Source material:
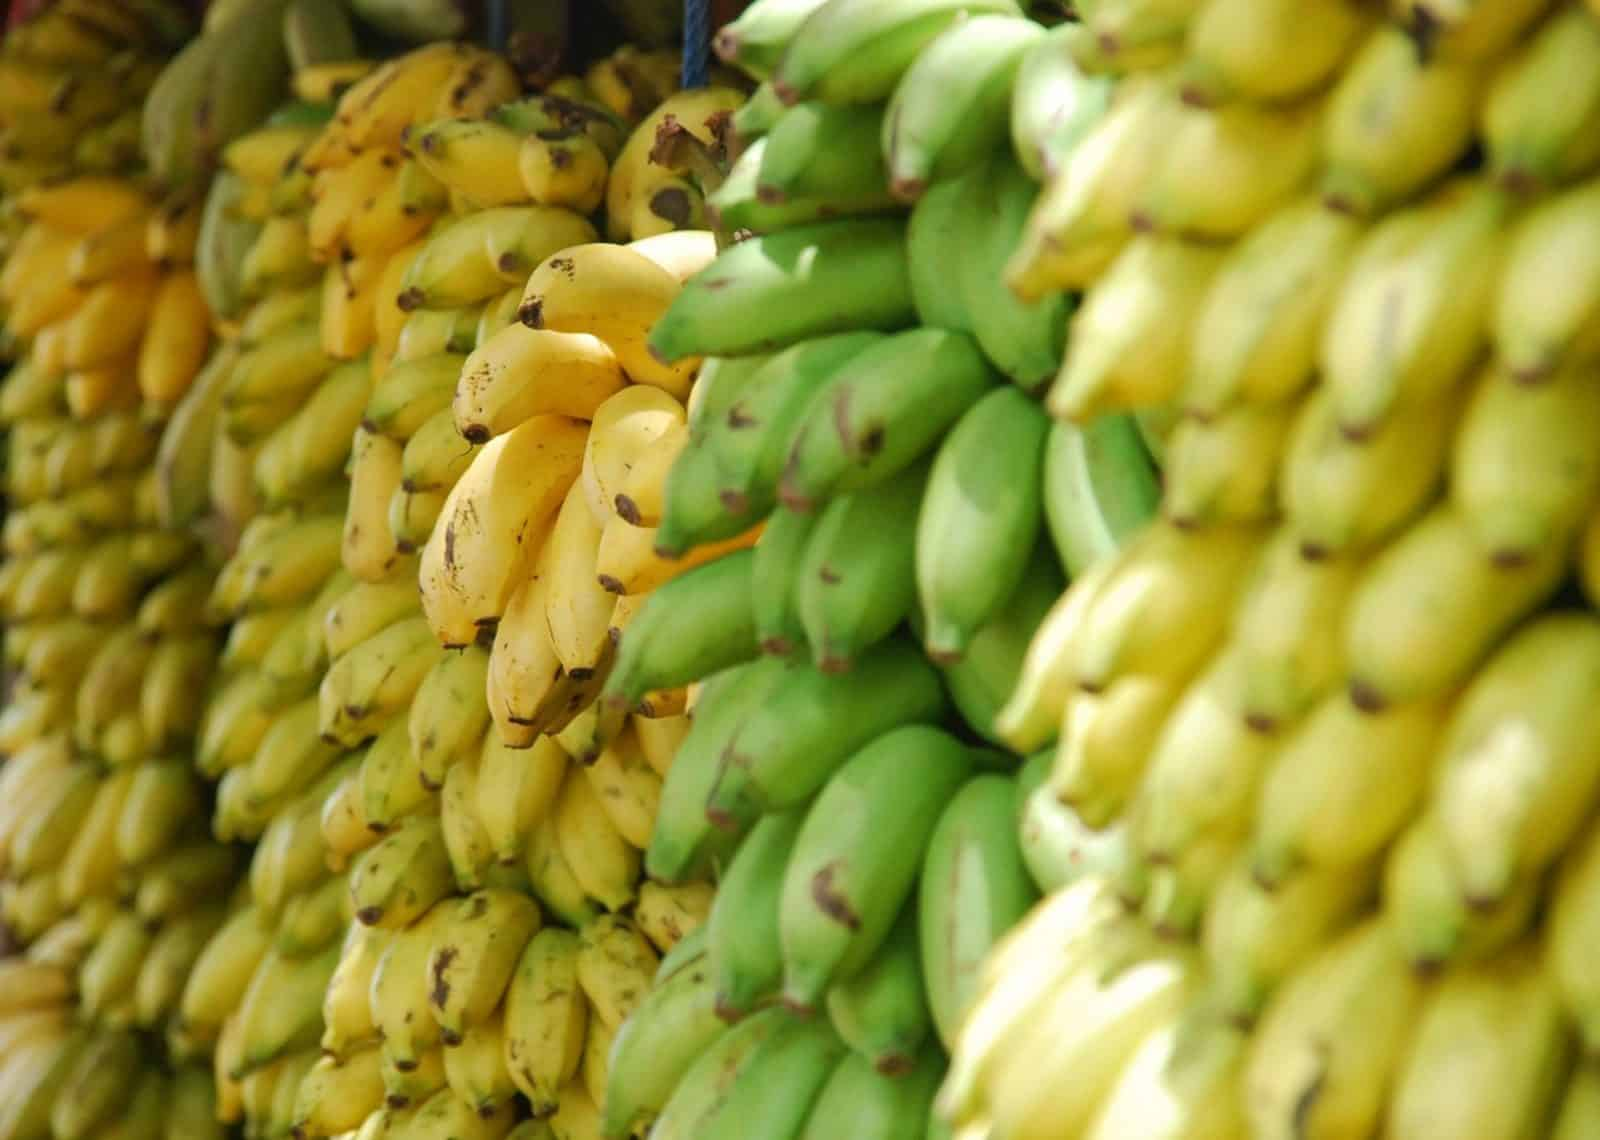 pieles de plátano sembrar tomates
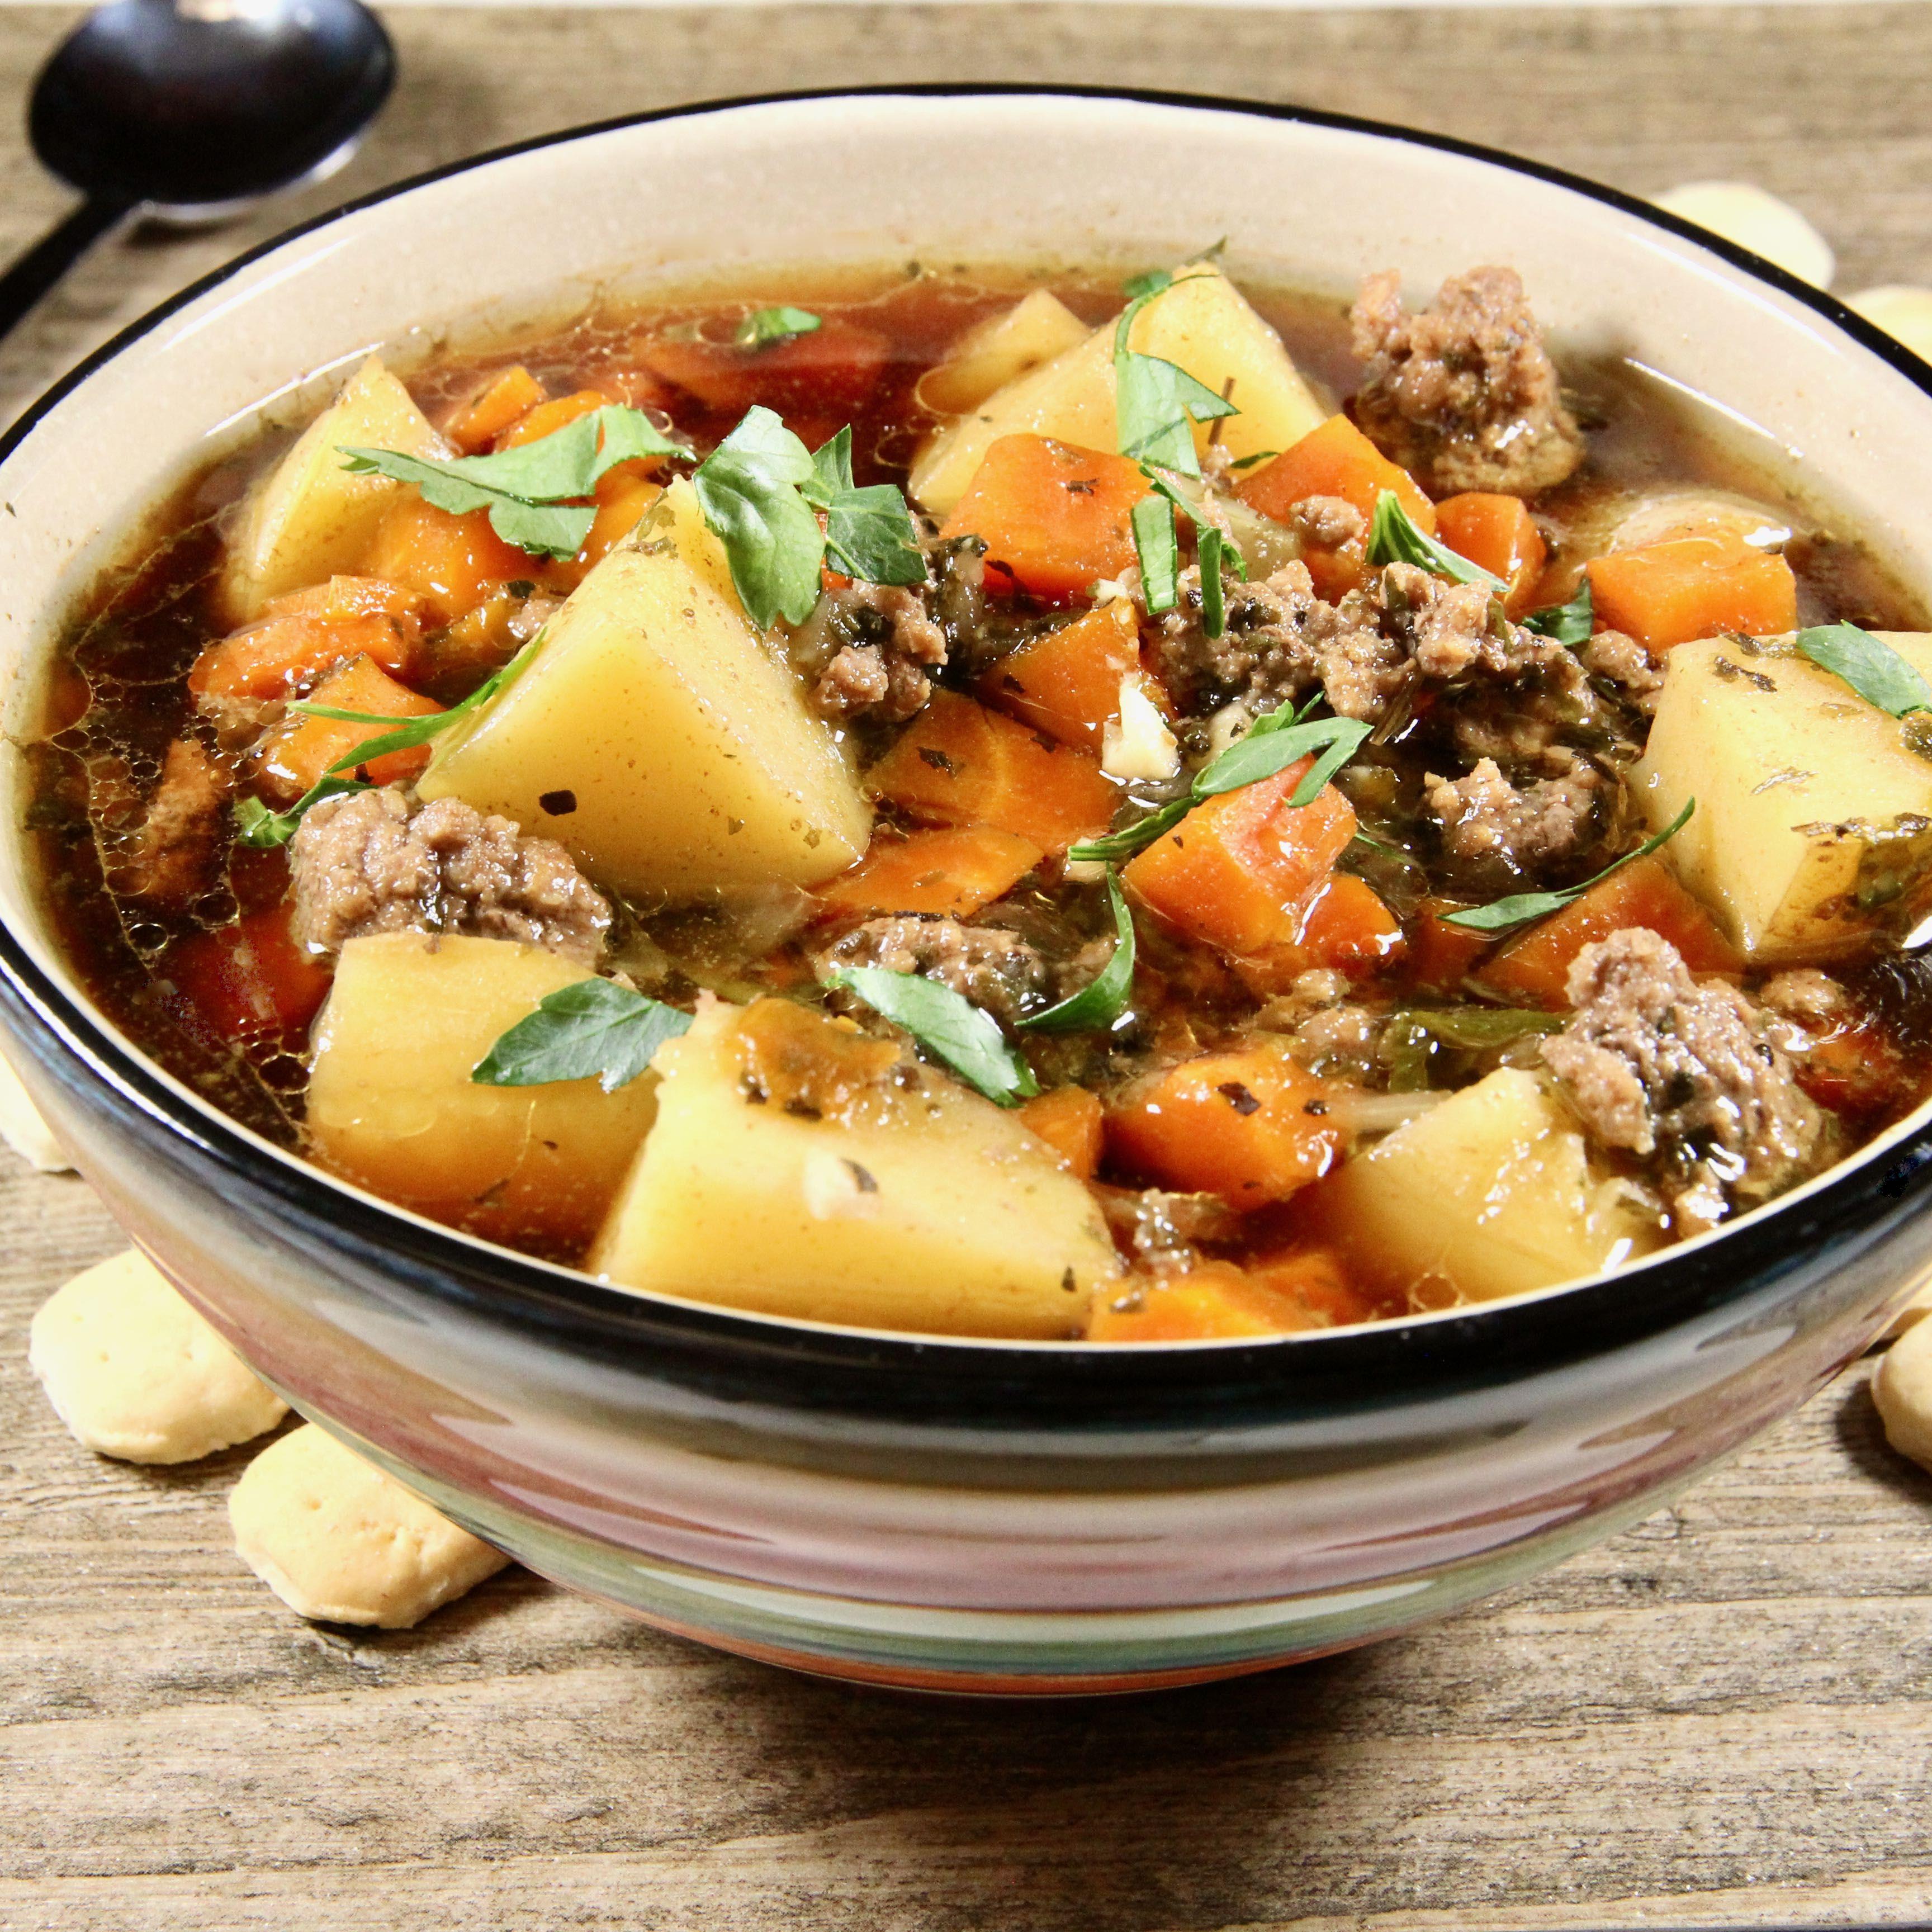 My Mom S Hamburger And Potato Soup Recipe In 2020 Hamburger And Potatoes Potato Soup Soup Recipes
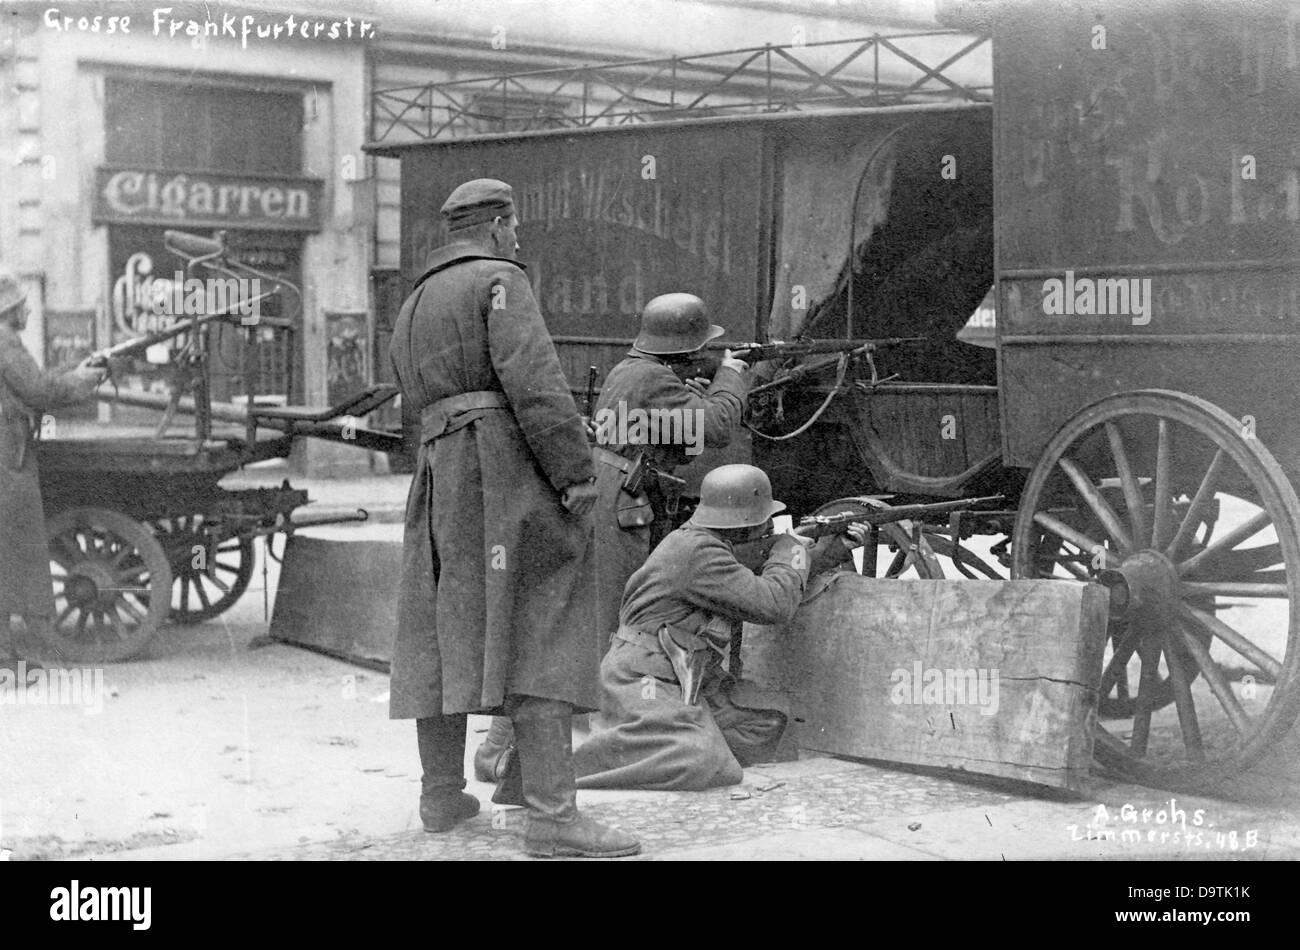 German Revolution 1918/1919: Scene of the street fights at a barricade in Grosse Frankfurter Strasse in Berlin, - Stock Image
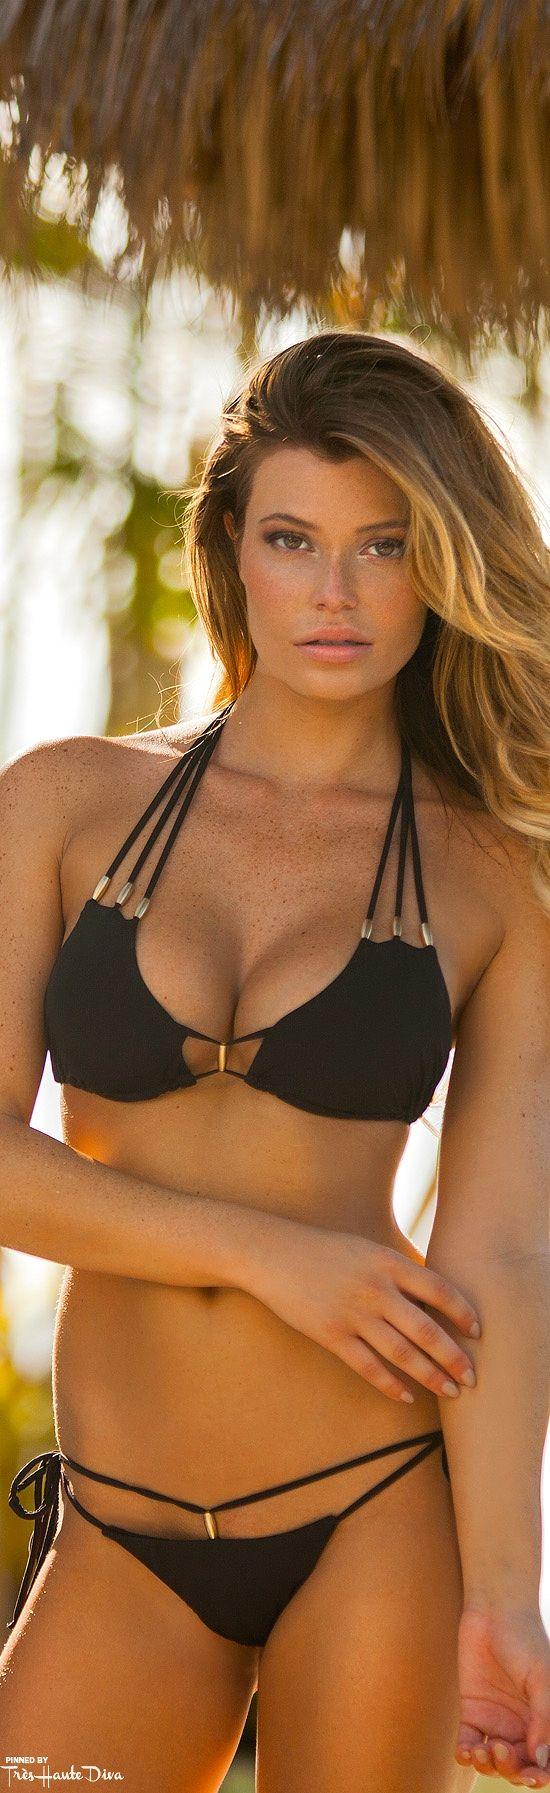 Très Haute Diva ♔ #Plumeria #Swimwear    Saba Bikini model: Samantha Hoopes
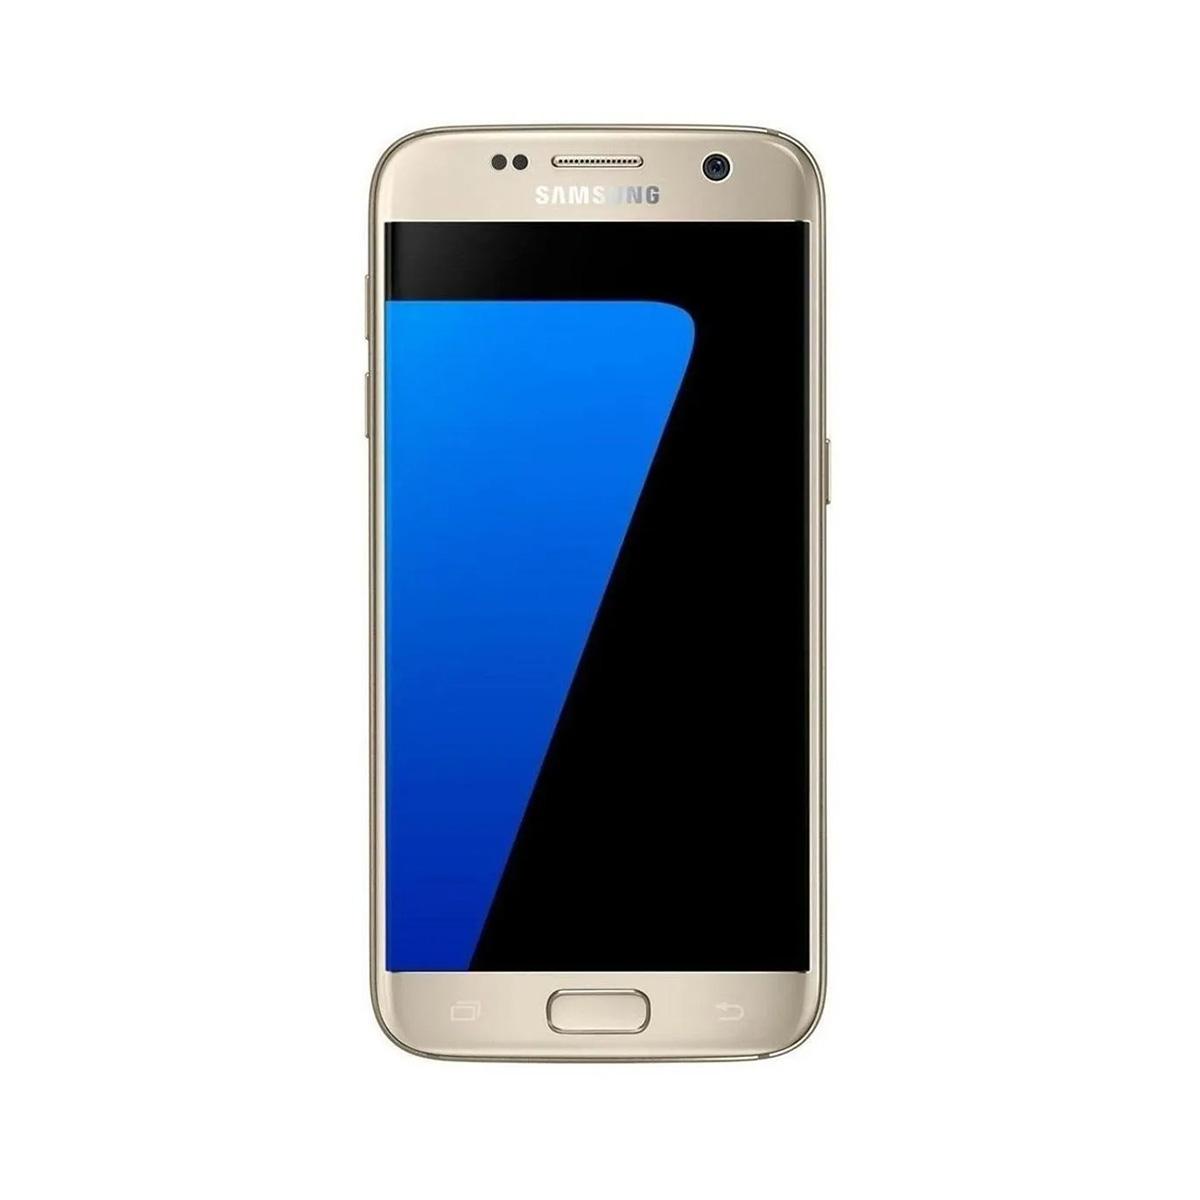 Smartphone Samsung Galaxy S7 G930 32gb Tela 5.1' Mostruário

Work request: Everything from the line with "German Revolution 1918/1919: Scene" through the last line of the listing above is to be copied exactly, both ends included, except the pictures.

Answer below:
 German Revolution 1918/1919: Scene of the street fights at a barricade in Grosse Frankfurter Strasse in Berlin, - Stock Image
 Très Haute Diva ♔ #Plumeria #Swimwear    Saba Bikini model: Samantha Hoopes
 Smartphone Samsung Galaxy S7 G930 32gb Tela 5.1' Mostruário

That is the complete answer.